The material immediately after the beginning of the PES packet ends up in the frame with adler ad2d4fc2; the frame with adler f18d81da begins in the ts packet beginning at 5029300; the next frame (adler 4aed884b) begins at 5035128. This frame is also the first defective as it contains the part with the discontinuity. Afterwards 1104 byte are discarded (by mkvmerge, ffmpeg puts them in a packet) until the next syncword has been found. Then there are exactly 1792 bytes payload left until the beginning of the next PES packet which is exactly one ac3-frame. The resulting frame would have an adler32 of 370b76d0 (and correct crc). This seems to be what ffmpeg did (although the timestamp of this frame should probably be 3808ms and not 2944ms, but ffmpeg has no way to know this for sure).
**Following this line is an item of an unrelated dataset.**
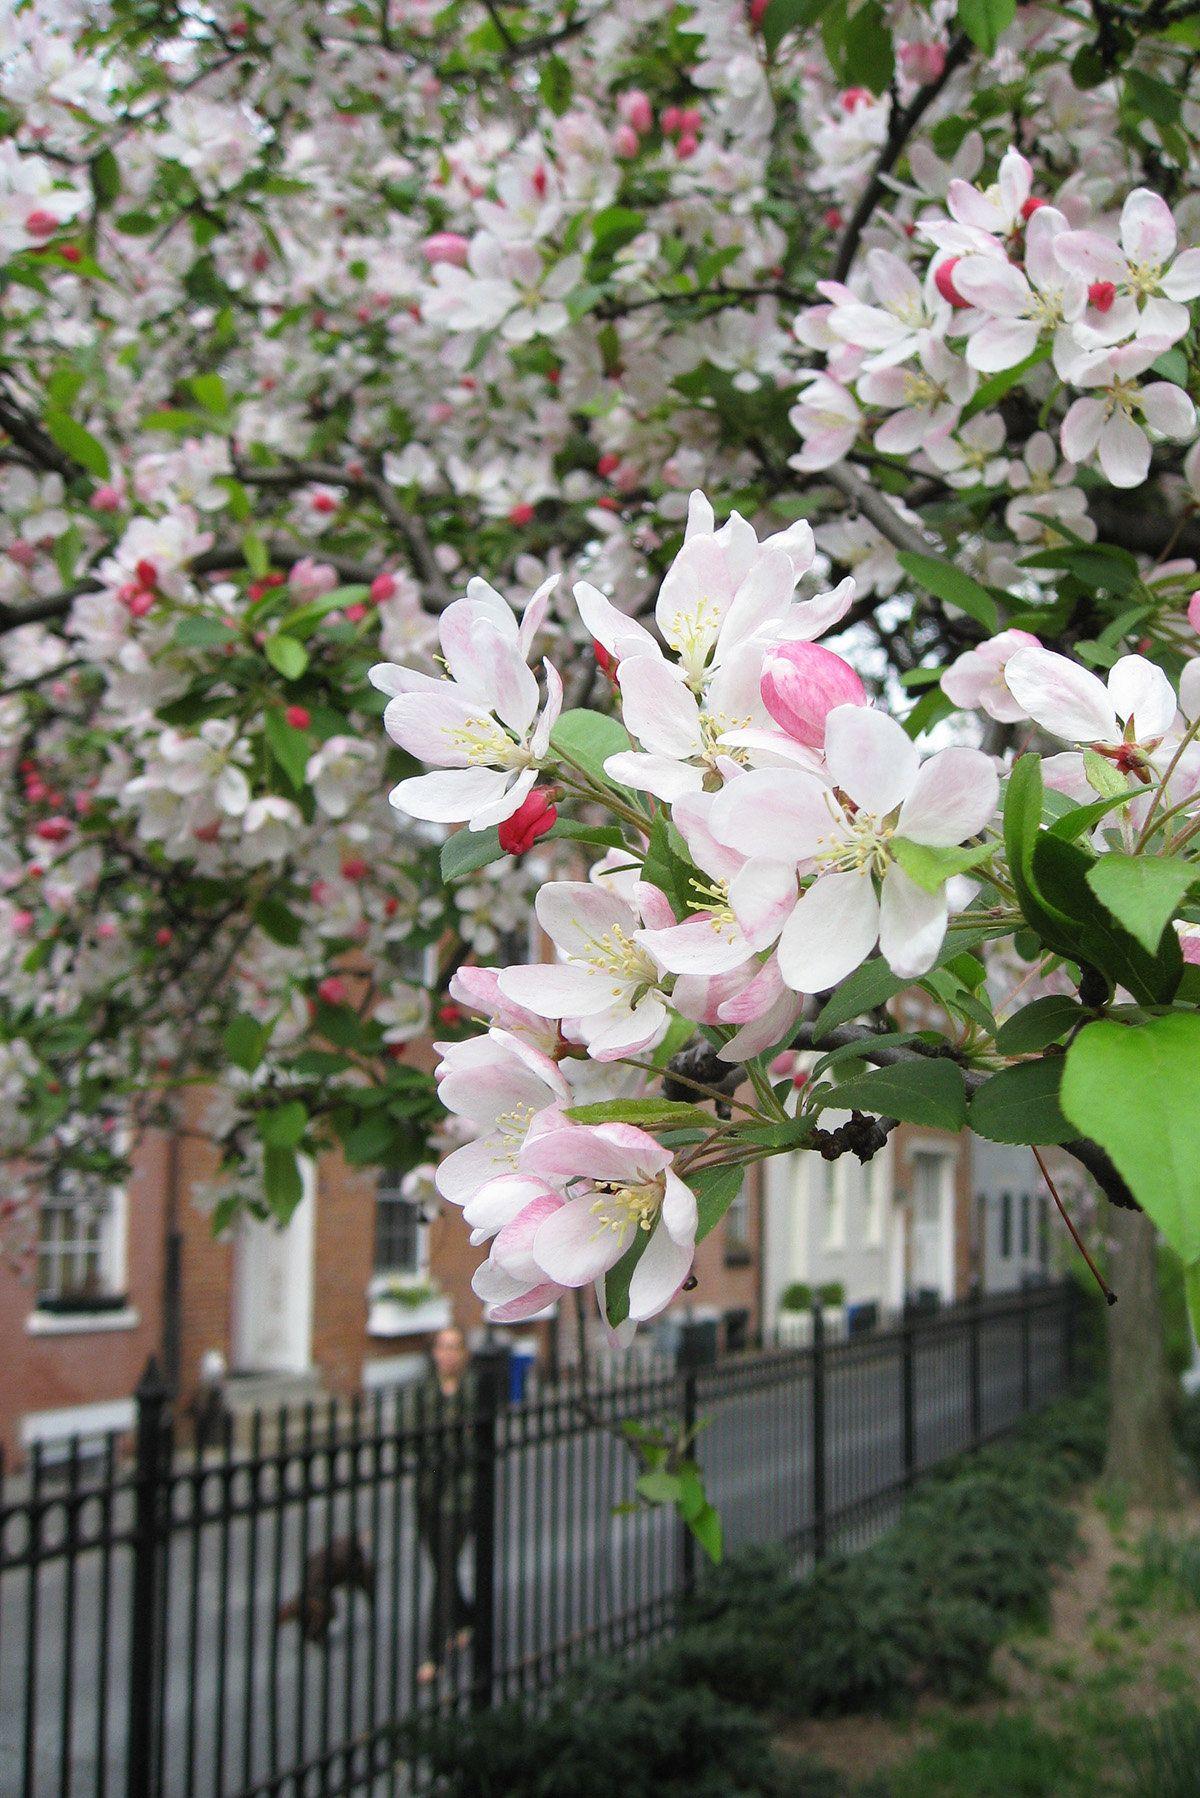 Gardening 101 Crabapple Trees Gardenista Crabapple Tree Flowering Crabapple Tree Apple Tree Care

But mkvmerge does things differently. mkvmerge's next frame (adler d77b7f70) had the same first 688 byte as the frame with adler 370b76d0; these numbers give a clue to what might happen under the hood: 1104 bytes are different. This is exactly the number of bytes that were discarded previously until a syncword has been found. With these 688 bytes, the transport stream reader has exactly as many payload bytes as the PES packet header claimed. It therefore seems to consider the PES as valid and finished. The problem is: This not the end of the PES. There are exactly 1104 bytes payload left. (In fact, only six bytes of the last transport stream packet that contains any of these 688 bytes were used and said packet contains 178 more. And there are even more ts packets...) They are ignored and the last 1104 bytes of the frame with adler d77b7f70 are taken from the beginning of the next PES packet.
And the story isn't finished here: Because the ac-3 packetizer has already used the first 1104 bytes of the first ac-3 frame of the new PES, there are 688 bytes of data (treated as garbage) before the next syncword. This next frame (adler 7fcb7724) which is actually the second frame of the new PES is treated as first frame of the PES packet and therefore muxed with the wrong timestamp. Likewise for the remaining two frames in the PES. The next PES is then parsed normally; given that mkvmerge missed one frame from the second PES we now have a gap equal to one frame in front of the third PES. So the reason for this gap (and crc errors when testing the track) lies in the code for PES packets, not in the ac-3 packetizer. That is at least my guess based upon the above.
I have uploaded a small file (defective.ts) with the error described here and a bigger file with many errors to test any fix.
Gruß Andi
*: I used ffmpeg instead of mkvinfo because it automatically normalizes files (the ac3 tracks produced by mkvmerge start at 19ms, the ones produced by ffmpeg at zero; by using ffmpeg I don't have to care about this). PS: Ich will dir schon einmal fröhliche Weihnachten wünschen.